Demokraten wählten bisherigen Finanzminister zum Premier

Von Daniel Kestenholz, Bangkok *

Japans bisheriger Finanzminister Naoto Kan ist zum neuen Ministerpräsidenten des Landes gewählt worden. Der 63-Jährige wurde am Freitag (4. Juni) von der Demokratischen Partei (DPJ) zum Vorsitzenden bestimmt, deren Abgeordnete ihn dann in beiden Häusern des Parlaments zum Regierungschef wählten. Vorpremier Yukio Hatoyama war am Mittwoch (2. Juni) zurückgetreten.

Dem neuen Premier Kan verbleiben noch über drei Jahre im Amt. Die Statistik spricht gegen ihn. Von Japans letzten zwanzig Regierungschefs hielt sich mit dem charismatischen Junichiro Koizumi nur ein einziger länger als drei Jahre im Politkarussell.

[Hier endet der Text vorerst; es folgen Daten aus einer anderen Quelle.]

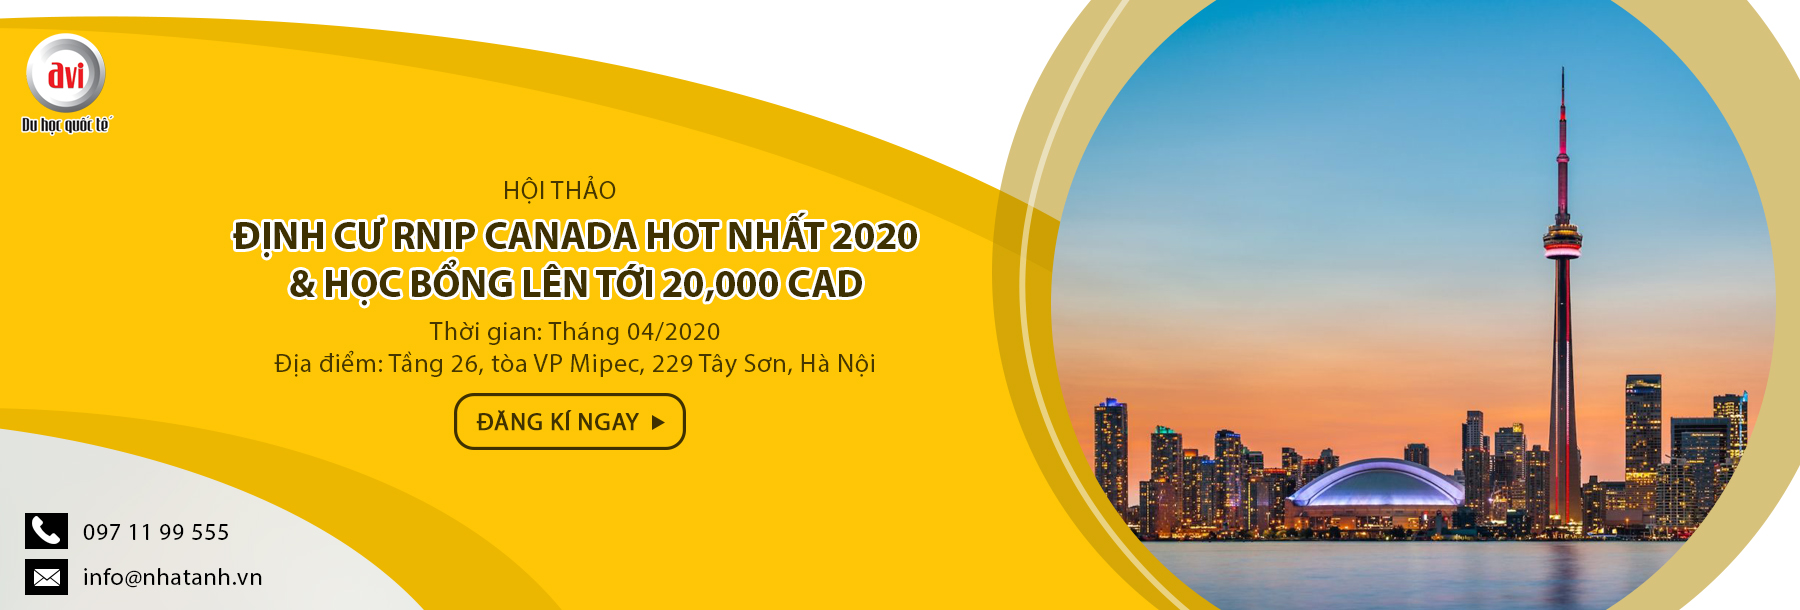 Hội thảo Định cư RNIP Canada HOT nhất 2020 và học bổng lên tới 20,000 CAD

»Als erstes müssen wir das Vertrauen der Wähler zurückgewinnen«, sagte Kan am Freitag 4. Juni). In gut einem Monat stehen wichtige Oberhauswahlen an.

Gewöhnlich enden die Flitterwochen japanischer Regierungsführer in Monatsfrist, doch für Kan spricht, dass er nicht wie seine Vorgänger aus wohlhabendem Haus mit reicher politischer Vergangenheit stammt. Er ist kein Sohn, Enkel oder Schwiegersohn berühmter Politiker. Kan arbeitete sich hartnäckig aus einfachem Haus empor, liebäugelte in den 70er Jahren als Bürgerrechtler mit der reformistischen Linken und schuf sich in den 90er Jahren einen Namen mit seinem Kampf gegen Korruption und für die kleinen Leute von der Straße.

Kan wirkt glaubwürdig. »Ich wuchs in einer typischen japanischen Familie von Büroangestellten auf«, sagte er vor seiner Wahl zum Premier. »Ich habe keine besonderen Beziehungen. Wenn ich es mit meinem gewöhnlichen Hintergrund zum Premier bringen kann, dann ist das eine gute Sache für japanische Politik.«

Seit 1980 Abgeordneter, deckte er in den 90er Jahren als Gesundheitsminister eines Koalitionspartners einen Skandal um HIV-verseuchte Blutkonserven auf. Als er im Januar 2010 das Finanzministerium übernahm, spielte er gleich mit dem unpopulären Gedanken einer Erhöhung der Fünf-Prozent-Verbrauchssteuer, um Japans vernichtende Schuldenlast anzugehen, die größte der Welt im Verhältnis zum Bruttoinlandsprodukt.

Der auch mal aufbrausende Kan macht kein Geheimnis daraus, dass harte Eingriffe vonnöten sind, um Japan aus der Deflationsspirale zurück zu Wachstum zu bringen. Er hütet sich vor billigem Populismus. »Er macht das und steht zu dem, woran er glaubt«, sagte Tobias Harris, der einst einen DPJ-Abgeordneten beriet.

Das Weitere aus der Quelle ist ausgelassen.